Albert M. Rosenblatt (born January 17, 1936, New York City) is a former associate judge of the New York Court of Appeals.

Education
Rosenblatt attended the University of Pennsylvania, graduating in 1957, and Harvard Law School, where he received his law degree in 1960.

Career as District Attorney and Judge
Rosenblatt served two terms as District Attorney of Dutchess County, New York, from 1969 to 1975.  He then served as a Dutchess County Court Judge until November 1981, when he was elected to New York Supreme Court.  Rosenblatt was New York's Chief Administrative Judge from 1987 to 1989. During his two-year tenure, he created the New York State Advisory Committee on Judicial Ethics.

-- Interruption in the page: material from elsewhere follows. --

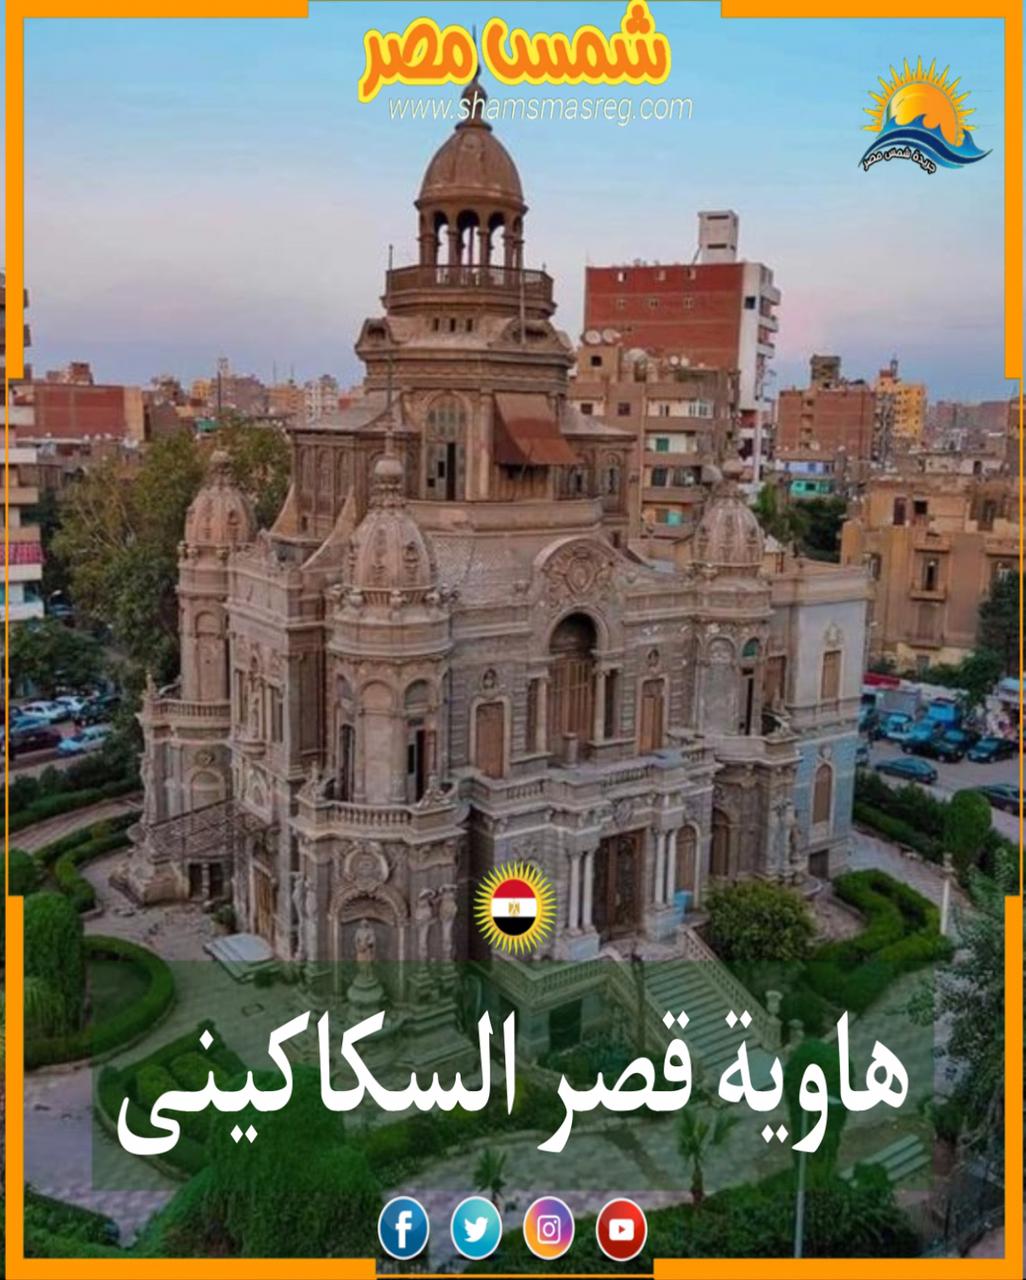 شمس مصر/ هاوية قصر السكاكيني .

He also established a program for improving court facilities statewide, and established a number of jury reform initiatives including the establishment of the “stand-by” and “call-in” systems to decrease the time prospective jurors spend in the courthouse. He was appointed by Governor George Pataki as an Associate Justice of the New York Supreme Court, Appellate Division, Second Department.  He served on that court from 1989 to 1998.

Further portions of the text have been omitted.